Morning Star (Red Rising Saga #3)

Spoons clatter against porcelain. Throats are cleared. I long to cover my ears. So much sound. So much information.

“You really can see the Red in him now.” It’s a cold, cultured female voice from northern Mars. More brusque than the Luna accent.

“Exactly, Antonia!” the Jackal replies. “I’ve been curious to see how he turned out. A member of the Aureate genus could never be so debased as this creature here before us. You know, he asked me for death before I put him in there. Started weeping about it. The irony is he could have killed himself whenever he chose. But he didn’t, because some part of him relished that hole. You see, Reds long ago adapted to darkness. Like worms. No pride to their rusty race. He was at home down there. More than he ever was with us.”

Now I remember hate.

I open my eyes to let them know I see them. Hear them. Yet as my eyes open, they are drawn not to my enemy, but to the winter vista that sprawls out the windows behind the Golds. There, six of the seven mountain peaks of Attica glitter in the morning light. Metal and glass buildings crest stone and snow, and yawn upward toward the blue sky. Bridges suture the peaks together. A light snow falls. It’s a blurred mirage to my nearsighted cave eyes.

“Darrow?” I know the voice. I turn my head slightly to see one of his callused hands on the edge of the table. I flinch away, thinking it will strike me. It doesn’t. But the hand’s middle finger bears the golden eagle of Bellona. The family I destroyed. The other hand belongs to the arm I cut off on Luna when we last dueled, the one that was remade by Zanzibar the Carver. Two wolfshead rings of House Mars encircle those fingers. One is mine. One his. Each worth the price of a young Gold’s life. “Do you recognize me?” he asks.



I crane my head to look up at his face. Broken I may be, but Cassius au Bellona is undimmed by war or time. More beautiful by far than memory could ever allow, he pulses with life. Over two meters tall.
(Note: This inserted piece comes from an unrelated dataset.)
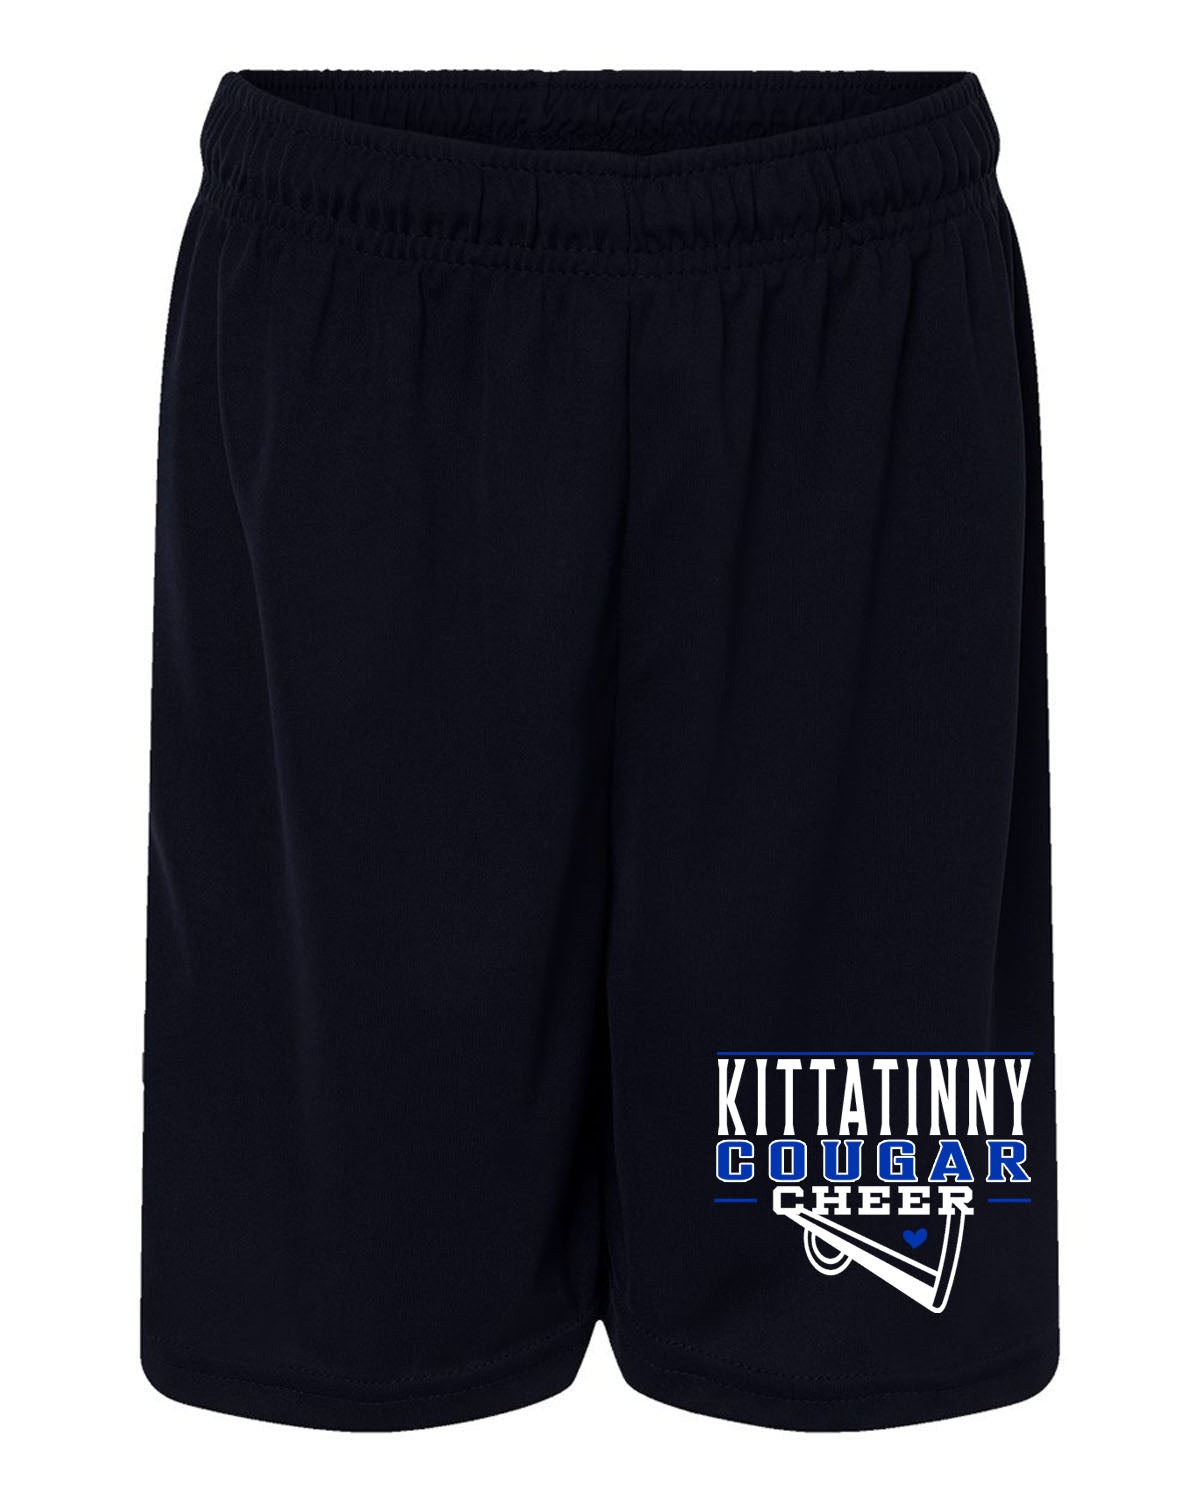 Kittatinny Cheer Performance Shorts Design 11
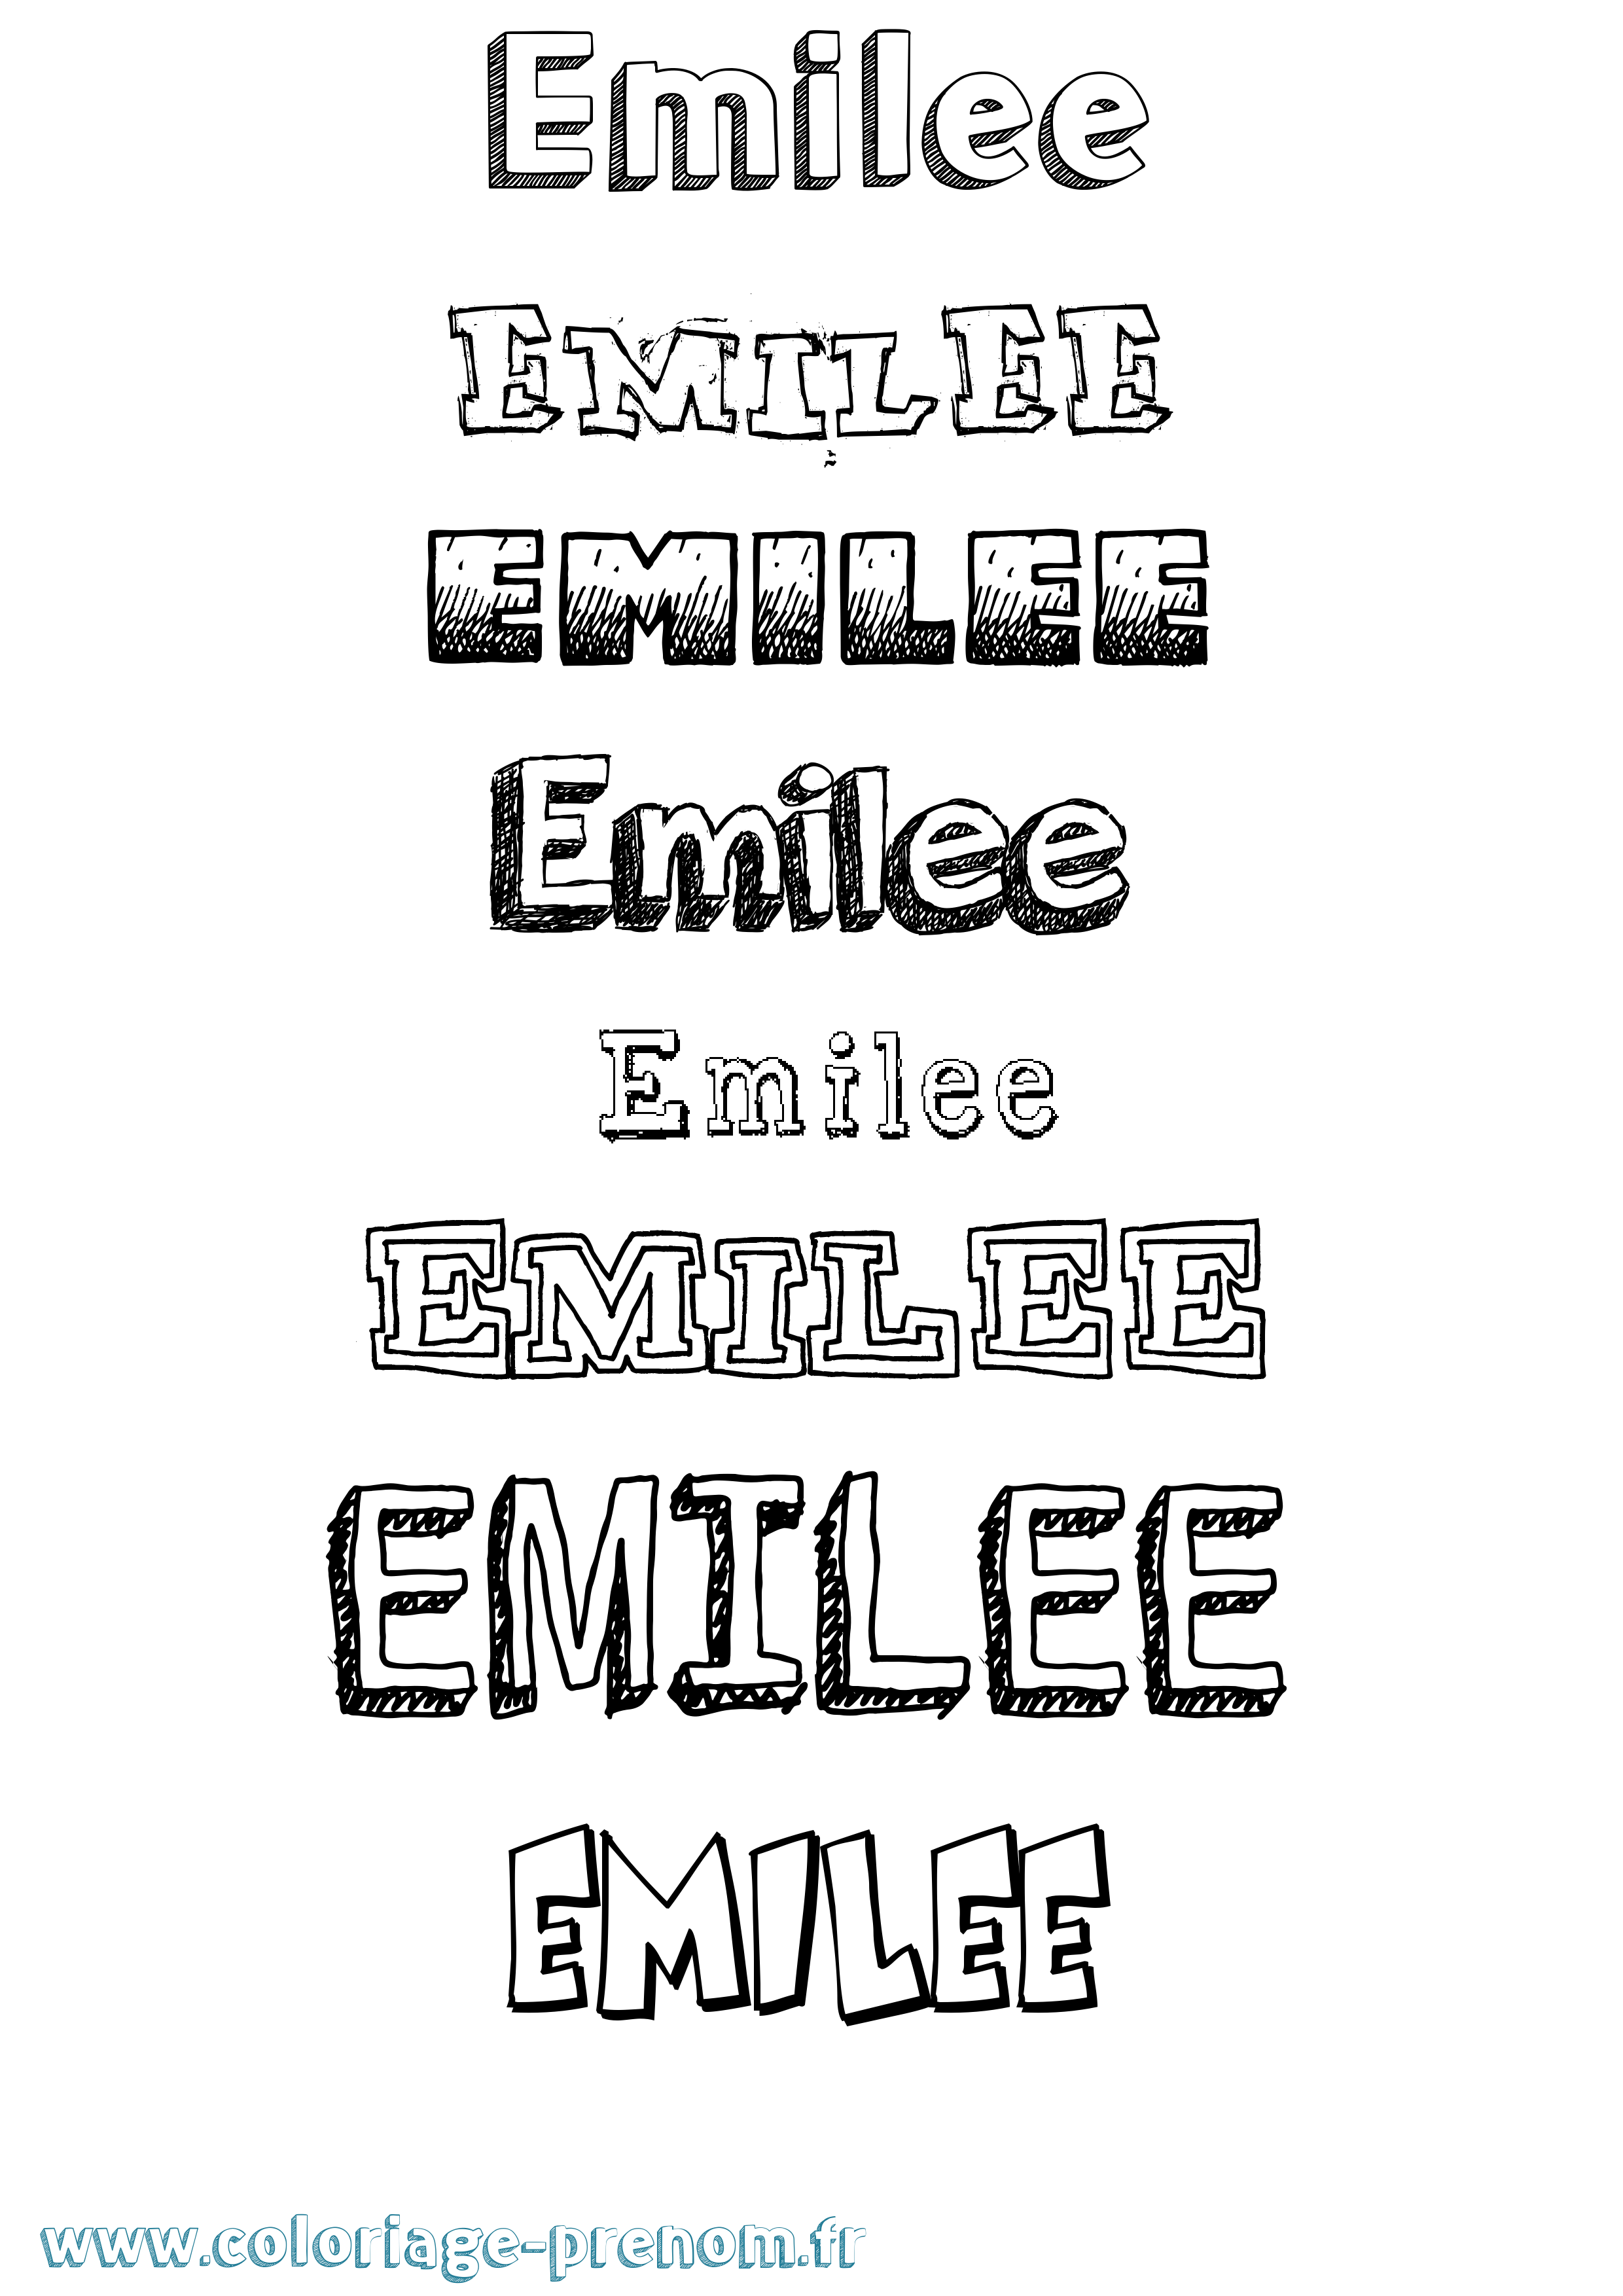 Coloriage prénom Emilee Dessiné

Cloaked in the white and gold of the Morning Knight, his coiled hair lustrous as the trail of a falling star. He’s clean-shaven, and his nose is slightly crooked from a recent break. When I meet his eyes, I do all I can to not fall into sobs. The way he looks at me is sad, nearly tender. What a shadow of myself I must be to earn pity from a man I’ve hurt so deeply.

“Cassius,” I murmur with no agenda except to say the name. To speak to another human. To be heard.

“And?” Aja au Grimmus asks from behind Cassius. The most violent of the Sovereign’s Furies wears the same armor I saw her in when first we met in the Citadel spire on Luna, the night Mustang rescued me and Aja beat Quinn to death. It’s scuffed. Battle-worn. Fear overwhelms my hate, and I look away from the dark-skinned woman yet again.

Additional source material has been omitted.